Research Highlights:

  • Higher body mass index (BMI) – an indicator of obesity – in late adolescence is associated with a significantly higher risk of first ischemic stroke in men and women under age 50, regardless of whether they had Type 2 diabetes.
  • Even BMIs in the high-normal range are associated with increased stroke risk in both men and women.

Embargoed until 4 a.m. CT/5 a.m. ET Thursday, May 13, 2021

(NewMediaWire) – May 13, 2021 – DALLAS – Higher body mass index (BMI) in adolescence is associated with a significantly higher risk of first ischemic stroke in adults under age 50 regardless of whether they had Type 2 diabetes, according to new research published today in Stroke, a journal of the American Stroke Association, a division of the American Heart Association.

While rates of adolescent obesity and stroke among adults under the age of 50 years continue to rise around the world, the precise link between the two conditions is still not fully understood.

“Adults who survive stroke earlier in life face poor functional outcomes, which can lead to unemployment, depression and anxiety,” said study co-author Gilad Twig, M.D., M.P.H., Ph.D., an associate professor in the Medical Corps of the Israel Defense Forces and the department of military medicine, Faculty of Medicine of The Hebrew University in Jerusalem, Israel. “The direct and indirect costs attributed to stroke prevention and care are high and expected to keep increasing since the rate of stroke continues to rise.”

This study specifically analyzed adolescent BMI and first stroke before the age of 50 among 1.9 million men and women (ages 16 to 20; 58% men; 84% born in Israel) from two nationwide databases: the Israel Defense Forces and the Israeli National Stroke Registry. All the participants in the database had undergone one complete medical exam between 1985 and 2013.

Standard BMI groups are underweight (less than 5th percentile), low-normal BMI (5th to 49th percentile), high-normal BMI (50th to 84th percentile), overweight (85th to 94th percentile), and obese (greater than 95th percentile).
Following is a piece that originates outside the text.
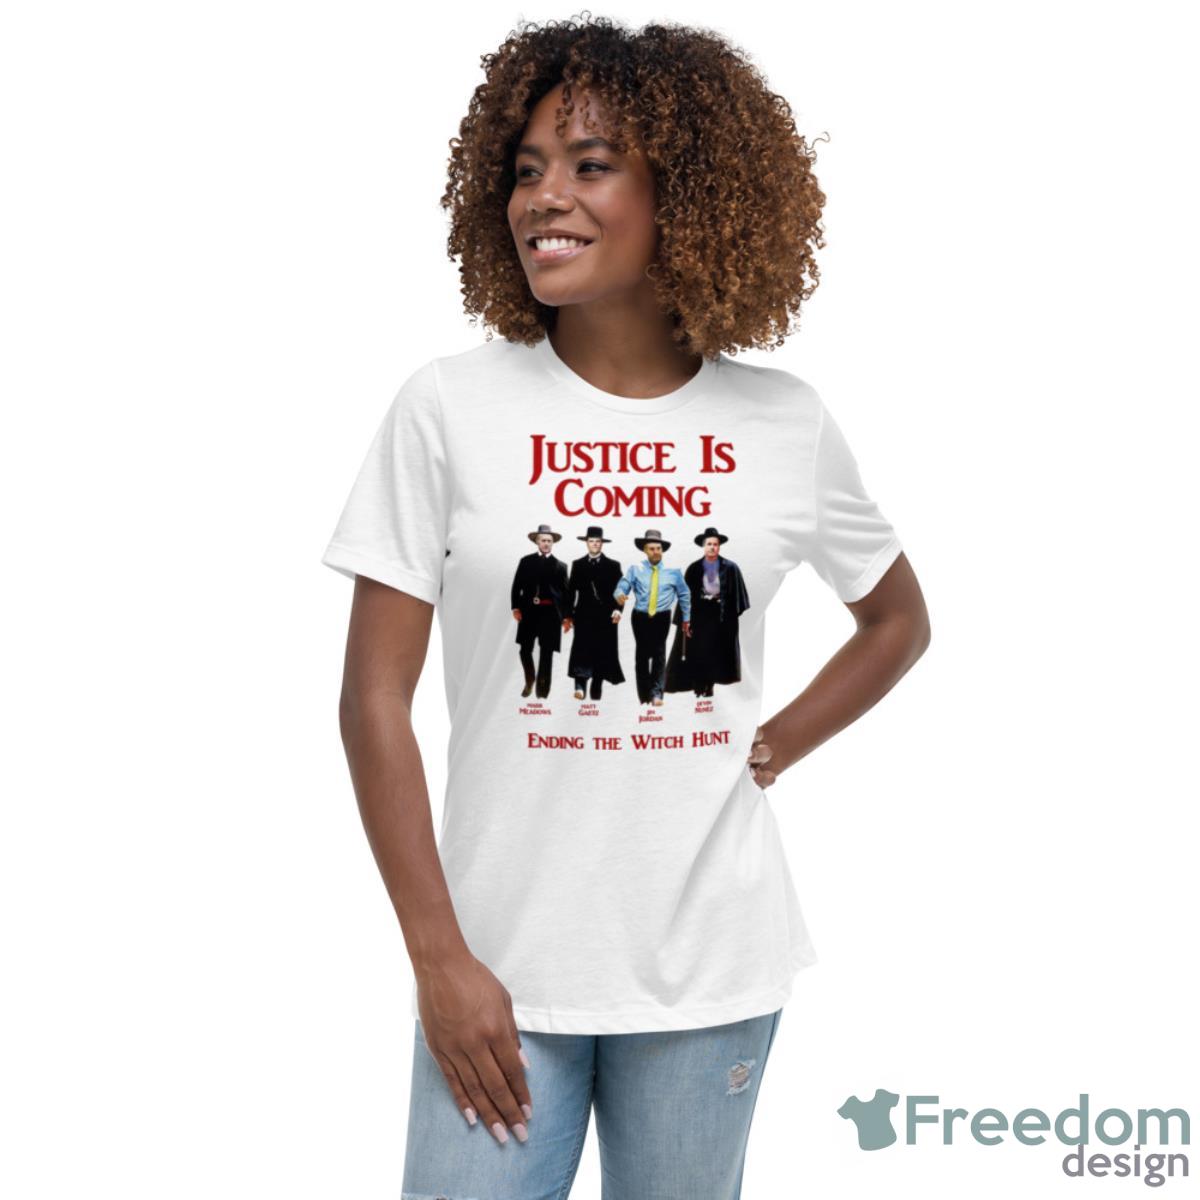 Justice Is Coming Ending The Witch Hunt Jim Jordan & Others Shirt

Details on percentile BMI measures by gender are in the article.

During the follow-up period, for all 1.9 M participants between 2014 and 2018, researchers found:

  • Overall, 1,088 strokes occurred (921 ischemic strokes, 167 hemorrhagic strokes), and the average age at the time of the stroke was 41. Adolescent BMI was directly related to the risk of first ischemic stroke.
  • Compared to participants in the low-normal BMI group, adolescents who were in the overweight category had a 2-times higher stroke risk before the age of 50, and adolescents with obesity had a 3.4-times higher risk.
  • Even adolescents with BMIs in the high-normal range were more likely to have a stroke before age 50 compared to those in the low-normal BMI group.
  • After accounting for Type 2 diabetes, adolescents who were in either the overweight or obesity category still had a higher risk of stroke (1.6-times and 2.4-times, respectively) compared to people who had BMI values within the normal range.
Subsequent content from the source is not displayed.